RA en AA maand doorgehaald vanwege gebreken bij rapportage over cliëntenonderzoek

De Accountantskamer heeft een RA en een AA de maatregel van tijdelijke doorhaling voor de duur van één maand opgelegd vanwege een veelheid van gebreken en schendingen van fundamentele beginselen bij een rapportage over een cliëntenonderzoek.

De rapportage door de accountants aan de ene cliënte over gegevens van een andere cliënte leidde tot de klacht bij de Accountantskamer. In de gegeven omstandigheden was er volgens de tuchtrechter alle aanleiding voor toepassing van het toetsingskader als bedoeld in de artikelen 20 tot en met 22 VGBA, welke toepassing betrokkenen hebben nagelaten. Van betrokkenen had voorts mogen worden verwacht dat zij over hun rol en over hun opdracht transparant waren geweest teneinde een tegenstelling in belangen te voorkomen of te overbruggen en de bedreiging voor hun objectiviteit en voor de door hen in acht te nemen vertrouwelijkheid weg te nemen.

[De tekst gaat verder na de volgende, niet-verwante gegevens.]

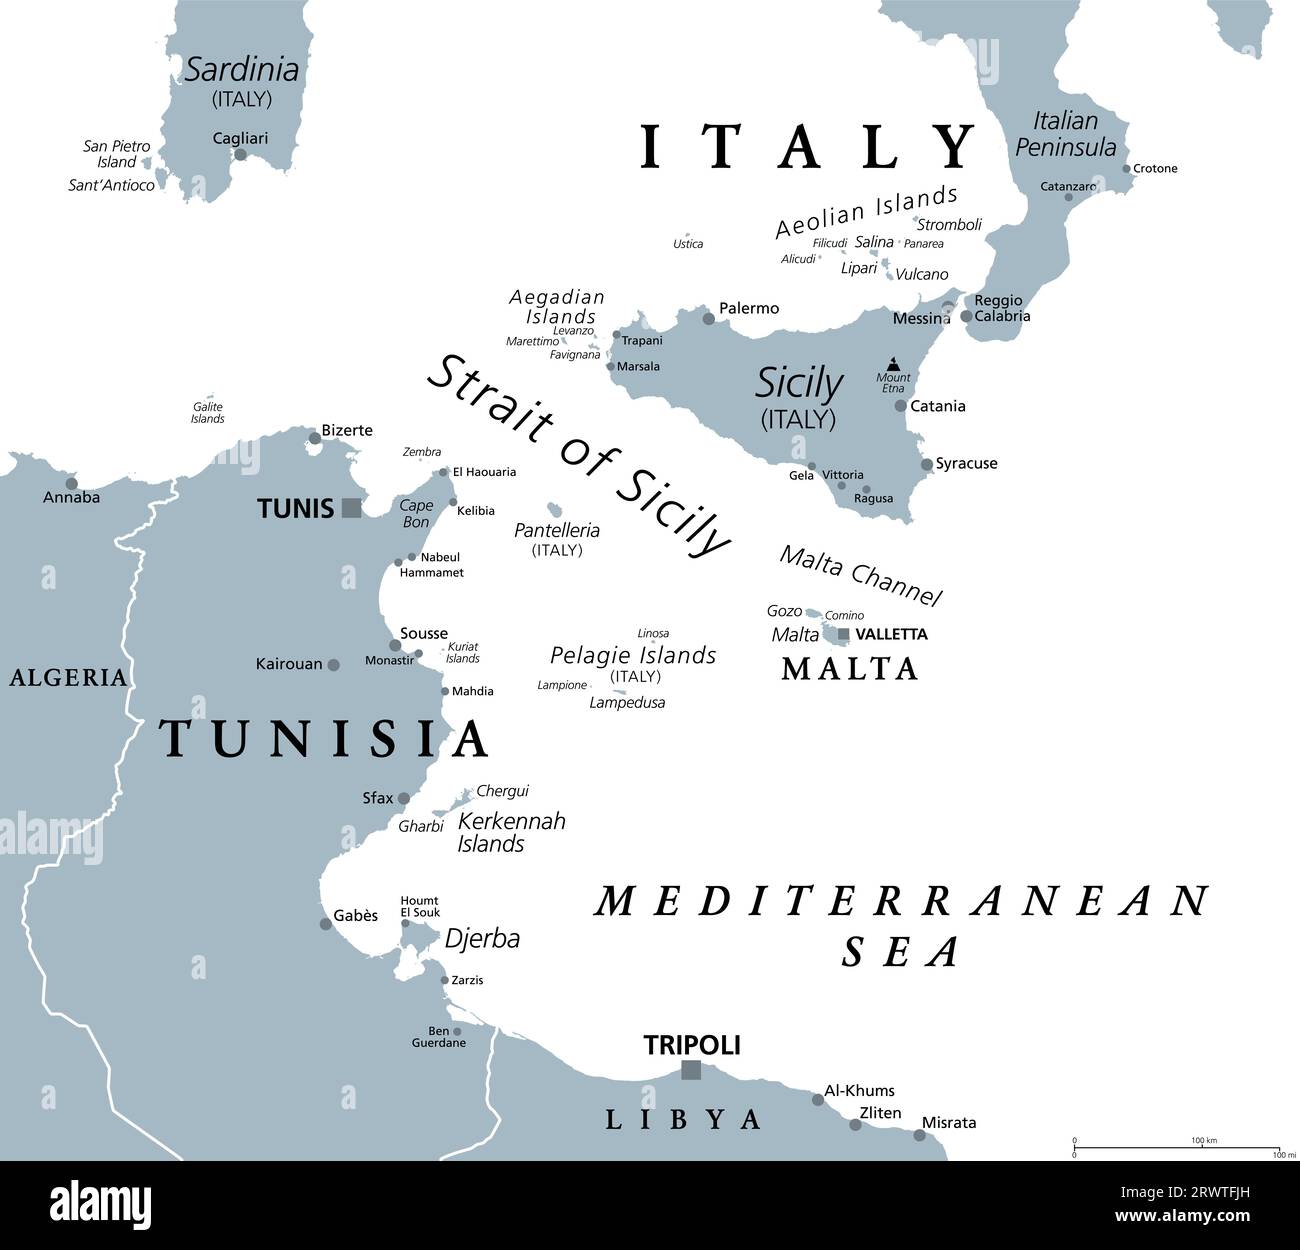 Détroit de Sicile, carte politique grise. Aussi appelé canal sicilien. Détroit, situé dans la mer Méditerranée, entre la Tunisie et la Sicile, Italie. Banque D'Images

Beide accountants hebben zich evenmin de vraag gesteld of op hun onderzoek niet mede toepasselijk zou zijn de Praktijkhandreiking persoonsgerichte onderzoeken. De professionele oordeelsvorming van betrokkenen blijkt ook daadwerkelijk te zijn aangetast omdat zij de opdracht van de ene cliënt over de andere cliënte hebben uitgevoerd zonder die andere cliënte daarin te betrekken, wat betreft het expliciet verkrijgen en bevestigen van toestemming voor gebruik van de gegevens van die andere cliënt en het horen of laten reageren op de conceptbevindingen. Een en ander levert overtreding op van de fundamentele beginselen van objectiviteit en van vakbekwaamheid en zorgvuldigheid en heeft volgens de Accountantskamer het accountantsberoep in diskrediet gebracht.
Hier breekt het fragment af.